Pass vectors by reference ... make them const too, it'll just make life easier.
Don't define variables inside a switch/case statement. There are potential problems that are best simply avoided. Instead, define them before the switch, and assign values inside the switch/case.
You'll need a symbol table for pat-language variables. Once again we'll use maps, but this time we're mapping strings to vectors of strings, i.e.:
```
map<string, vector<string> > symTable;
```
Make sure you use the spaces in between > and >. Why? Because C++'s scanner treats >> as a single token, not as two >'s.

Exercises

In the pat2.cpp file, extend your parser from Part I to actually interpret the language.
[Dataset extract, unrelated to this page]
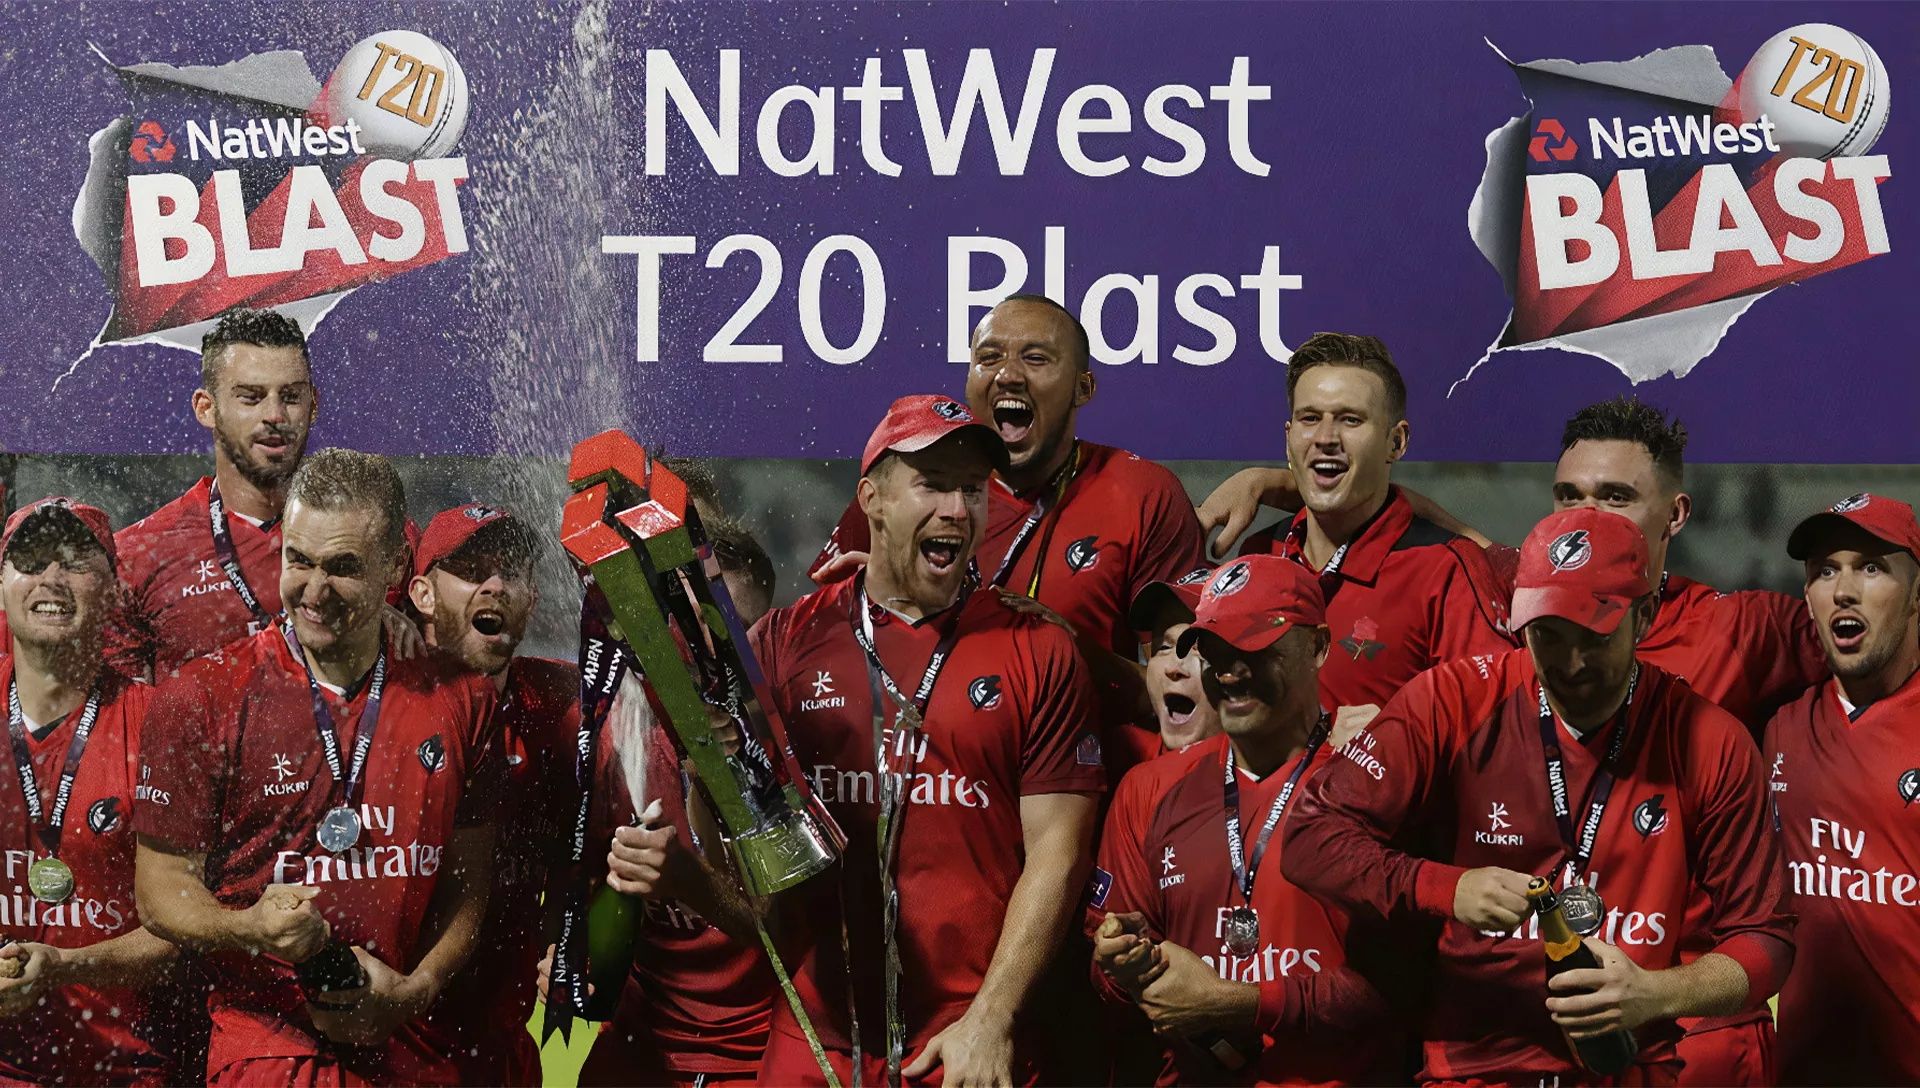 You can place bets on England NatWest T20 Blast League after registering on the site.

You should have at least 4 more tests for this part, in the folder tests2/.

Enrichment: Efficiency

A hallmark feature of any good compiler or interpreter is how fast programs will run. The interpreter you created in Part II is probably quite inefficient in the way it handles memory. In particular, passing around vector<string>'s by value and returning them from functions involves a lot of memory copying. Much of this is unnecessary.

Re-write your interpreter from Part II to use memory more efficiently. In particular, your recursive descent functions should all return void, and they should store their results in the first argument, which should be non-const and passed by reference. For instance, the signature for cattail might be:

void cattail(vector<string>& vec);

With this, you should be able to make your recursive descent functions tail recursive. gcc will actually optimize for tail recursion in your programs (just like DrScheme would), but only if you tell it to with an optimization flag like -O2. You can insert this into the Makefile.

(Nothing to submit for this part. You can feel free to include your amped-up interpreter in what you submit for Part II, but make sure it doesn't break what you already had working!)